Все-таки слова «новый эпос», как и «лиро-эпический», не вполне подходят для характеристики такого типа сюжетики и образности: уж слишком эти стихи интенсивно, до звона в ушах, вслушиваются в чужие истории. Или в свои, но воспринимаемые как чужие, как частный случай чужих. Пользуясь языком Михаила Ямпольского, можно сказать, что эти стихи отстоят от авторского «я» и не замкнуты на нем, но в центре произведения оказывается не внешний рассказ о человеке, а метафорическое изображение определенного типа или даже нескольких типов сознания, которые автор или, во всяком случае, повествователь стихотворения признает и своими, и чужими.

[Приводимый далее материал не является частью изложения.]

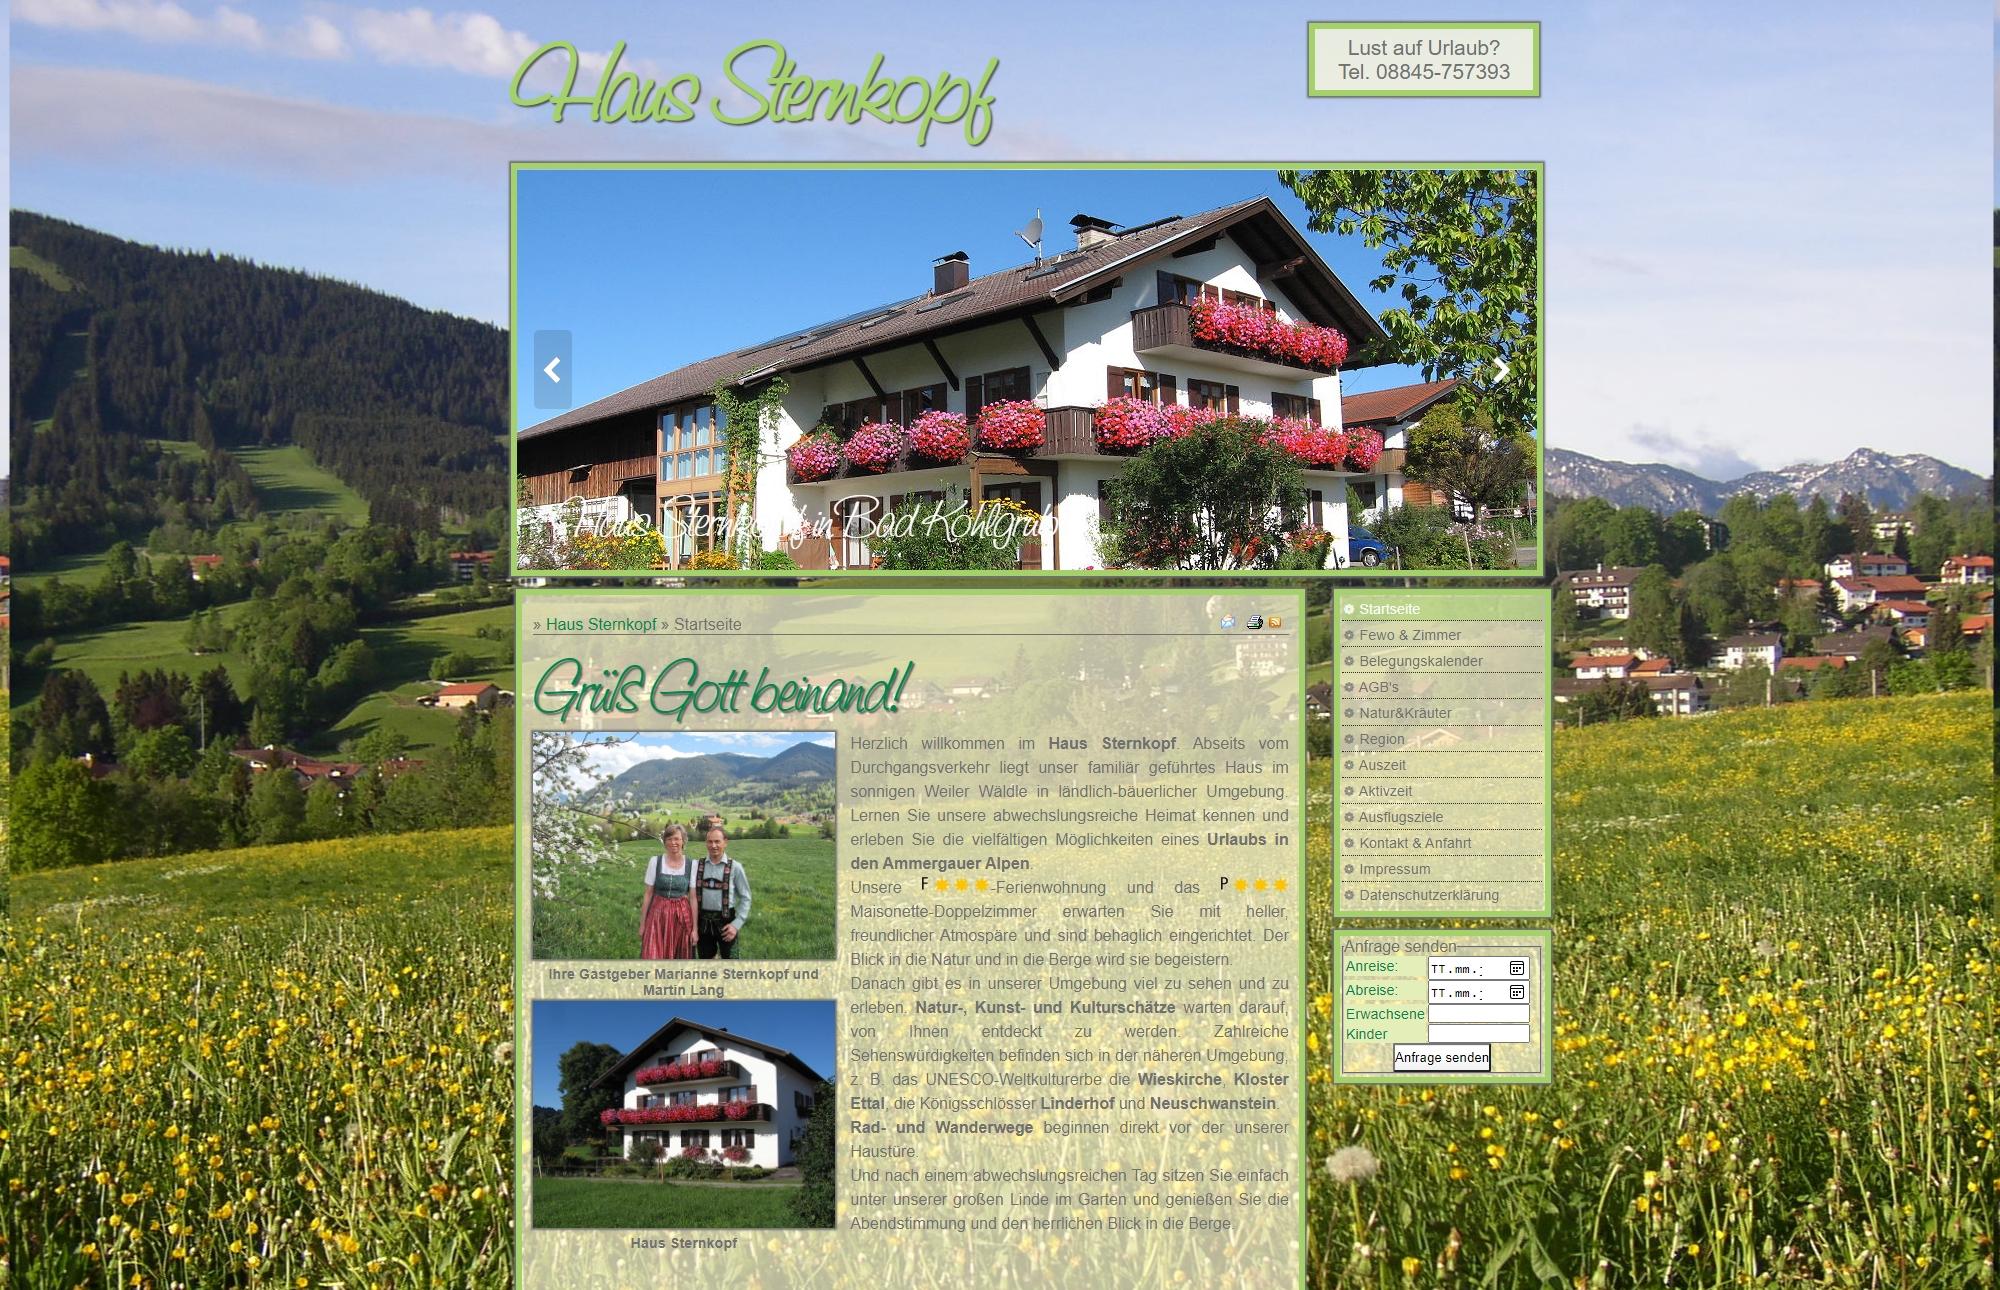 Haus Sternkopf, Bad Kohlgrub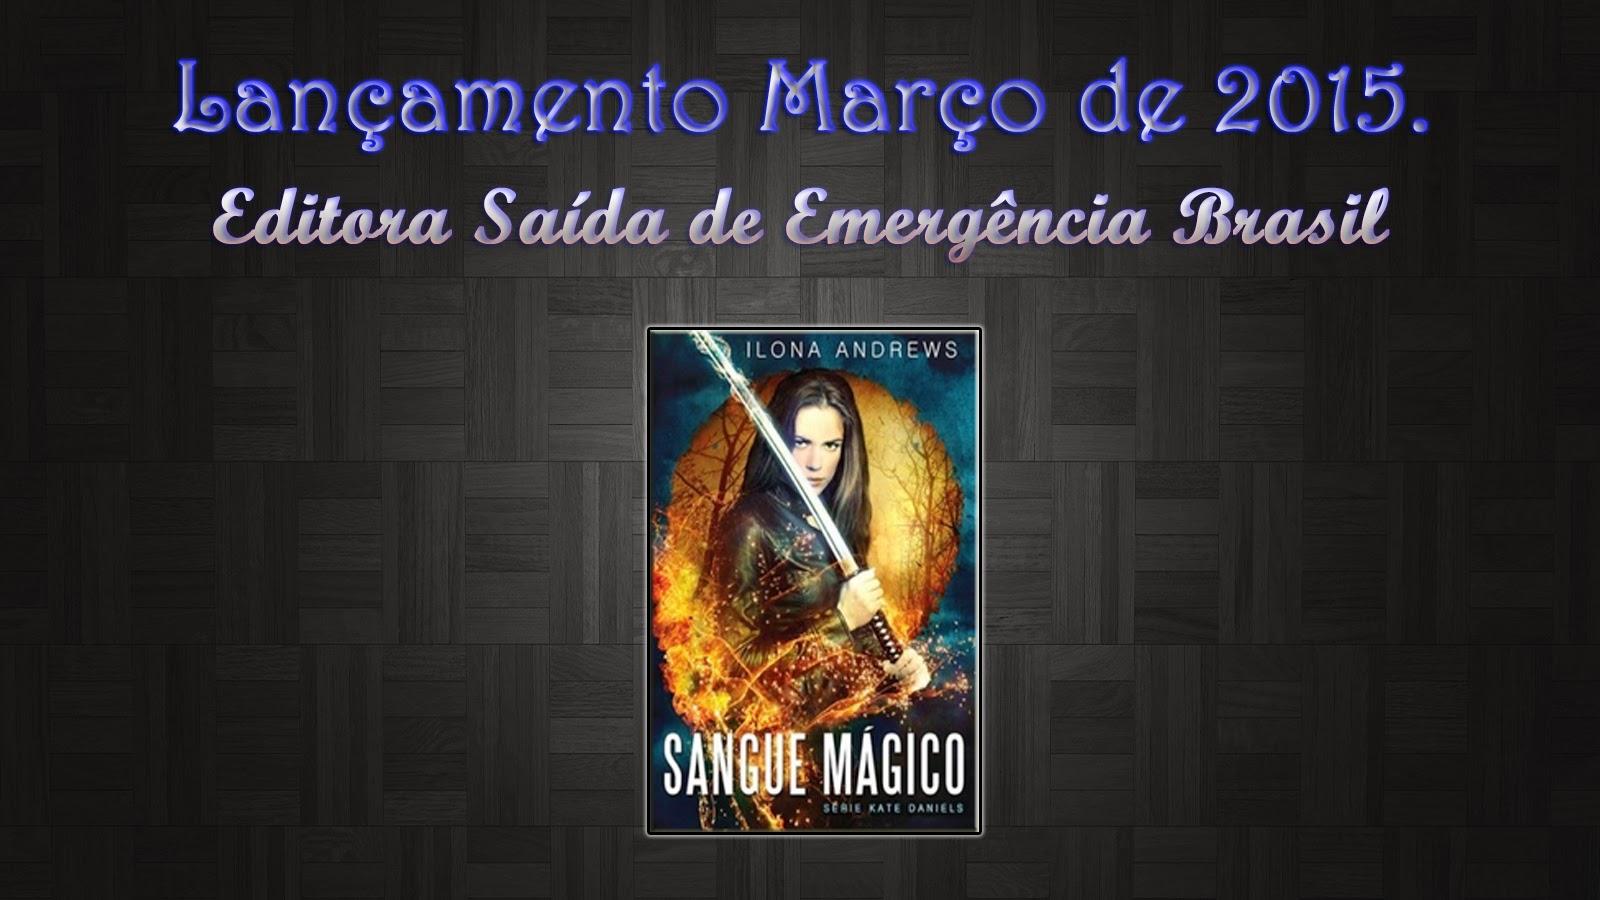 http://livrosetalgroup.blogspot.com.br/p/lancamentos-editora-saida-de-emergencia.html

Слово «лирика» здесь, впрочем, тоже не годится: уж больно эти произведения въедливо-аналитичны, что особенно странно выглядит в макабрических балладах Родионова.
У каждого Пэна есть своя Вэнди
но чем девушка из провинции отличается от столичной?
если обе они одеваются в секонд-хэнде —
это одна весьма похожая на другую личность
если они обе пишут картины
чем две девушки друг от друга отличаются, скажите мне —
когда на почве ревности увлеклись валокордином
старые неудачники — их сожители
они отличаются деталью мелкой
тем, чем вы и представить не можете
маленькой, пульсирующей на запястье венкой
прозрачностью охристой розовой кожи
(Поэма «Шепот в темноте», часть 3)
Я уже предлагал заменить термин «новый эпос» словосочетанием «поэзия драматического кенозиса»
[17], хотя и понимаю, что оно звучит менее выразительно и более громоздко. Можно назвать эту тенденцию и транссубъективной поэзией, то есть поэзией, связывающей разные «я», разные типы субъекта.В поэзии 1990-х, особенно в стихах дебютировавших тогда авторов круга альманаха «Вавилон», позиция современного поэта интерпретируется как
травма,обусловленная причинами двух разных типов — историческими и эротическими, — и, шире, интимными[18]. Эта травма, выступая всякий раз как «скрытый центр» стихотворения, привлекала внимание поэтов 1990-х к политическим, социальным или дискурсивным приметам «современности», понимаемой как исторический переход. Однако социальное или языковое в стихотворениях «вавилонцев» почти всегда интерпретировалось как интимное, индивидуальное[19]и — что еще важнее — скорее как процесс, чем как результат.